_WORK TO COMPLETE_
Produce an exact copy of all the data below, dropping every image.

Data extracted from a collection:

----

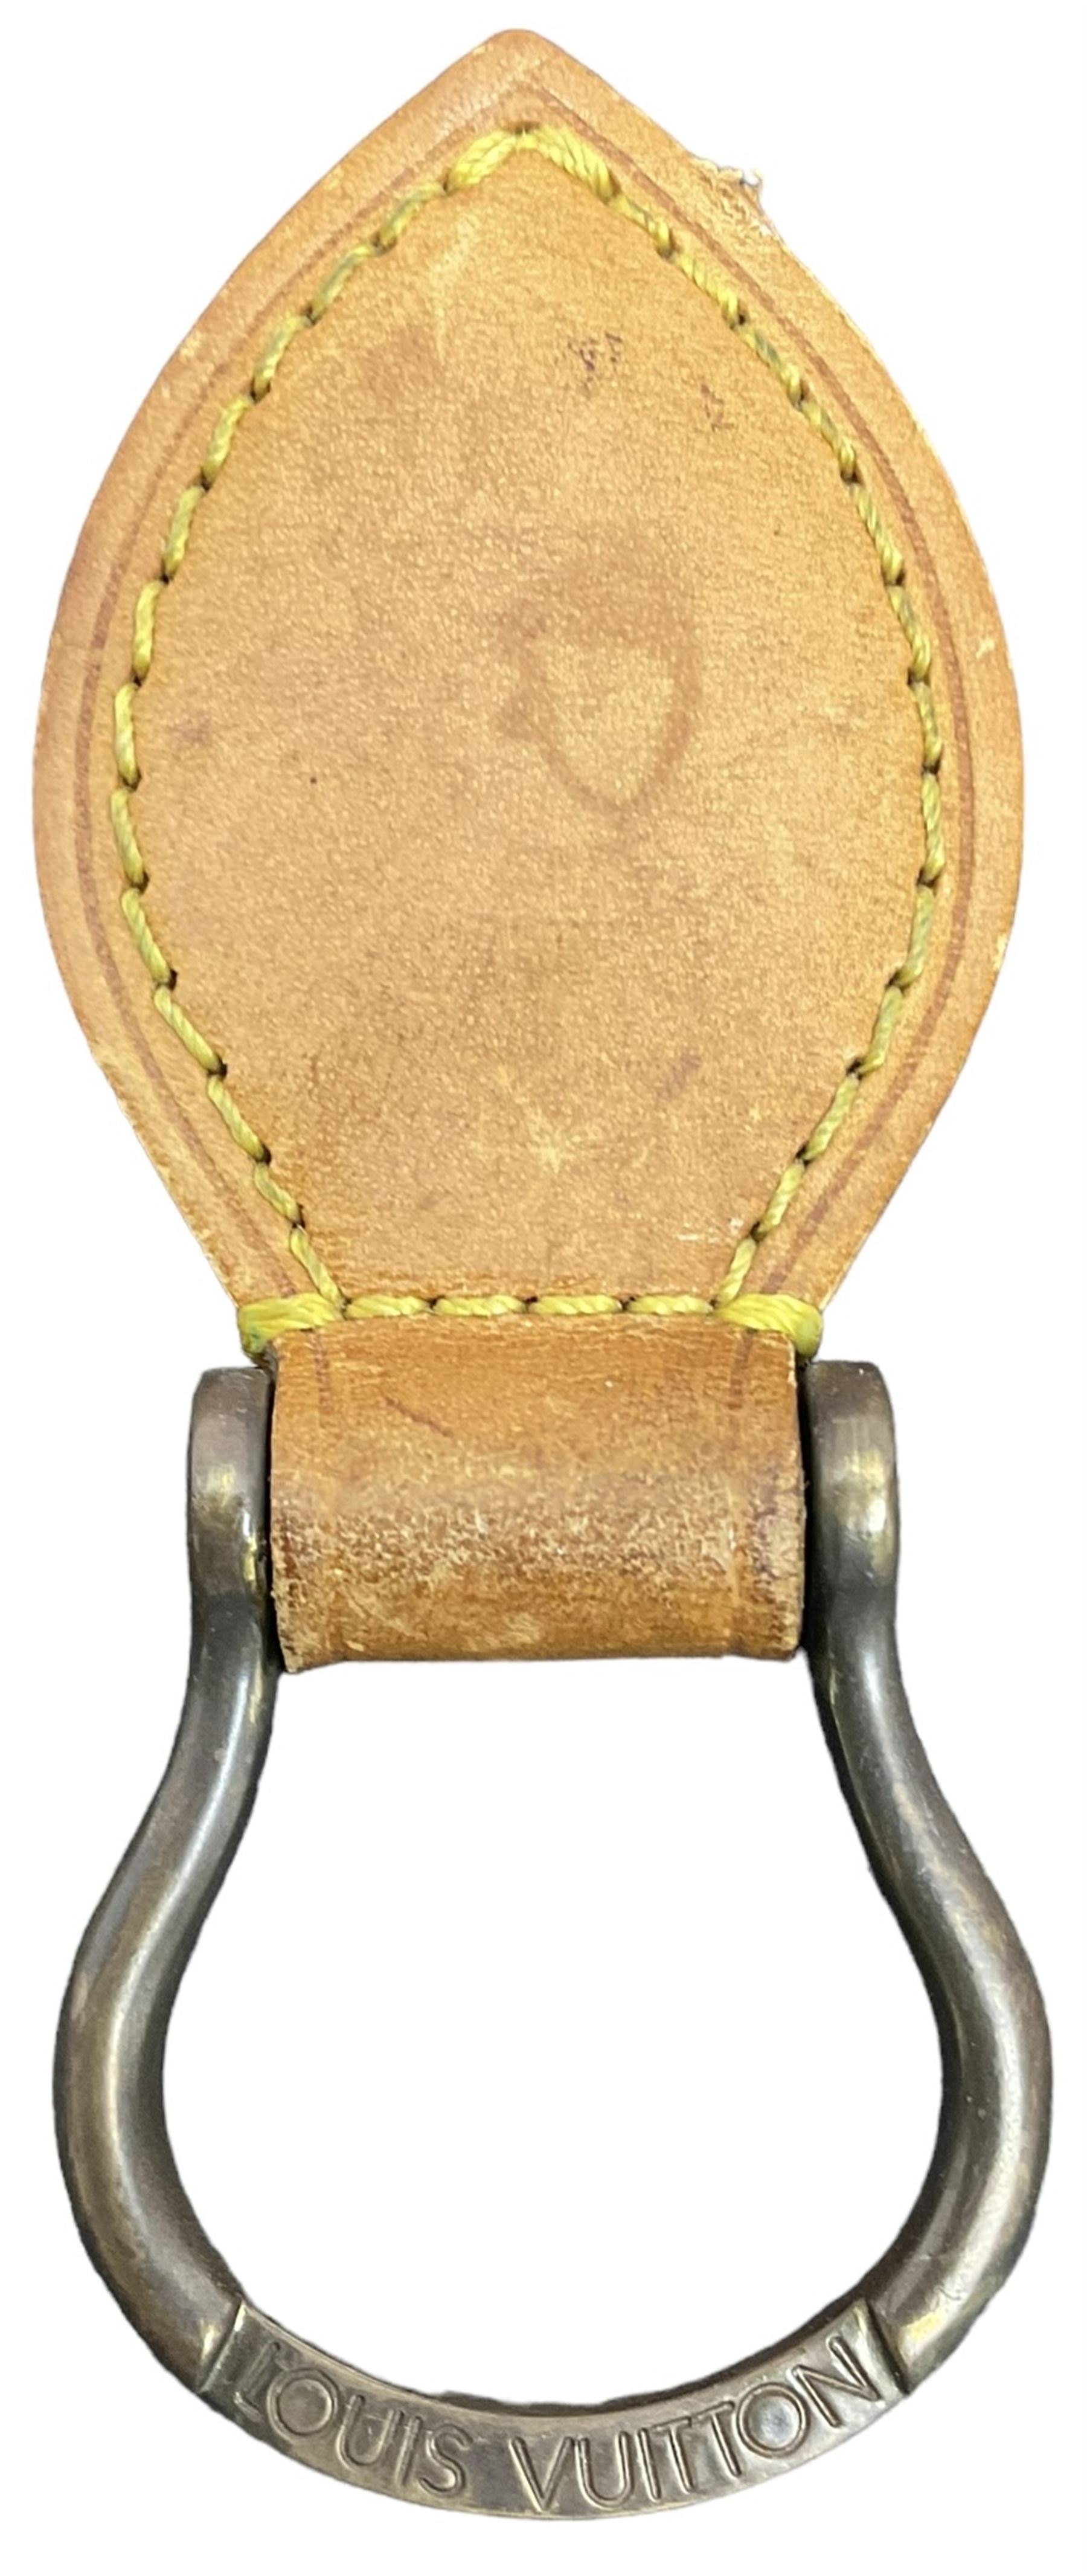 Louis Vuitton Saint Cloud cross body monogram bag with vachetta leather strap and snap closure to th - Image 7 of 11
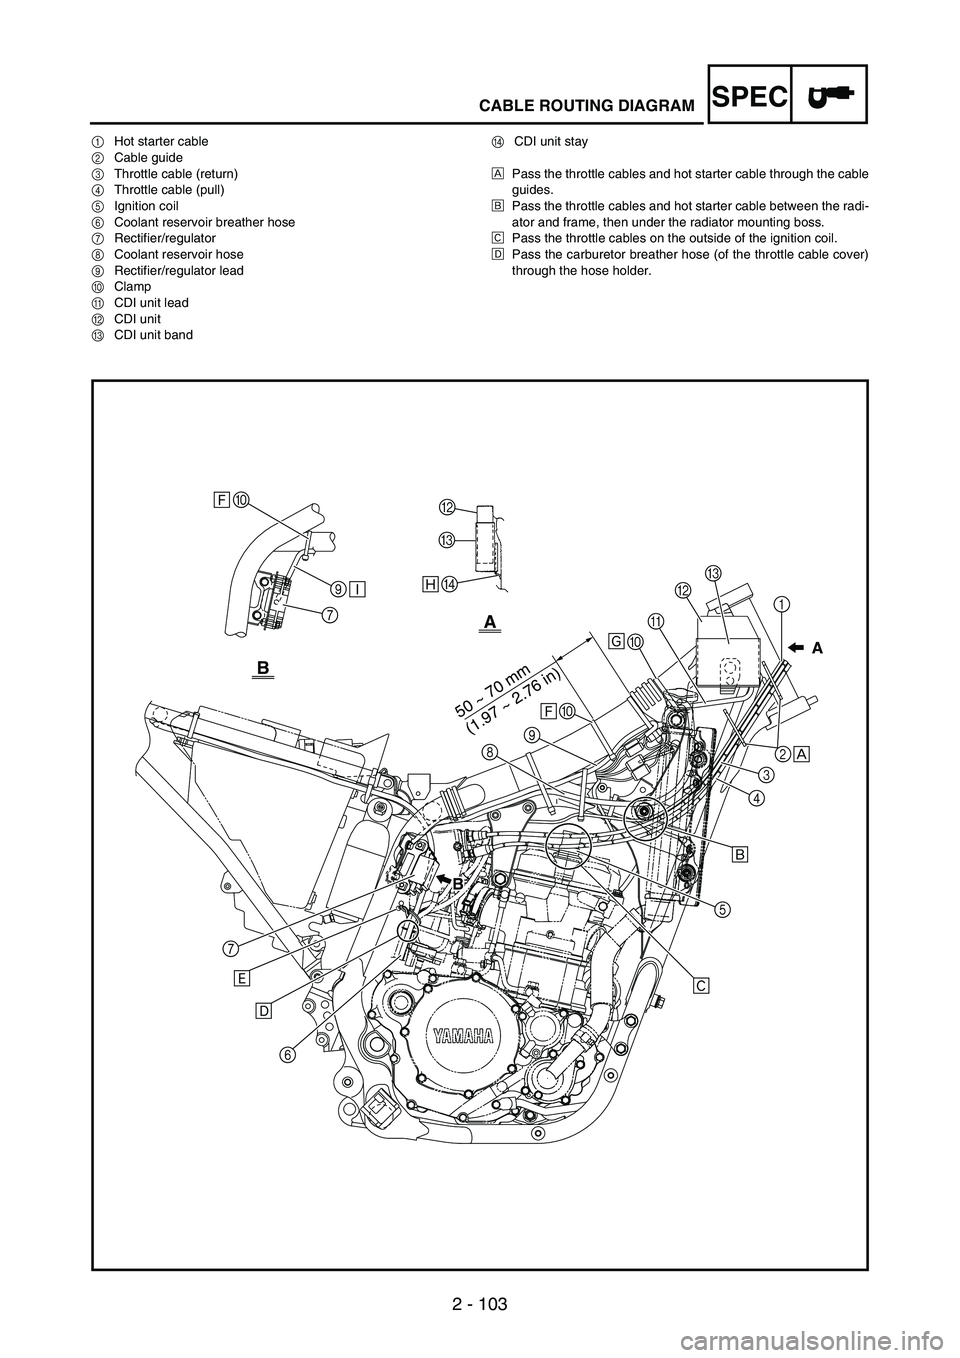 YAMAHA WR 250F 2004  Manuale de Empleo (in Spanish) SPEC
2 - 103
CABLE ROUTING DIAGRAM
1Hot starter cable
2Cable guide
3Throttle cable (return)
4Throttle cable (pull)
5Ignition coil
6Coolant reservoir breather hose
7Rectifier/regulator
8Coolant reservo

----

_RESPONSE AREA_
 Louis Vuitton Saint Cloud cross body monogram bag with vachetta leather strap and snap closure to th - Image 7 of 11
 YAMAHA WR 250F 2004  Manuale de Empleo (in Spanish) SPEC
2 - 103
CABLE ROUTING DIAGRAM
1Hot starter cable
2Cable guide
3Throttle cable (return)
4Throttle cable (pull)
5Ignition coil
6Coolant reservoir breather hose
7Rectifier/regulator
8Coolant reservo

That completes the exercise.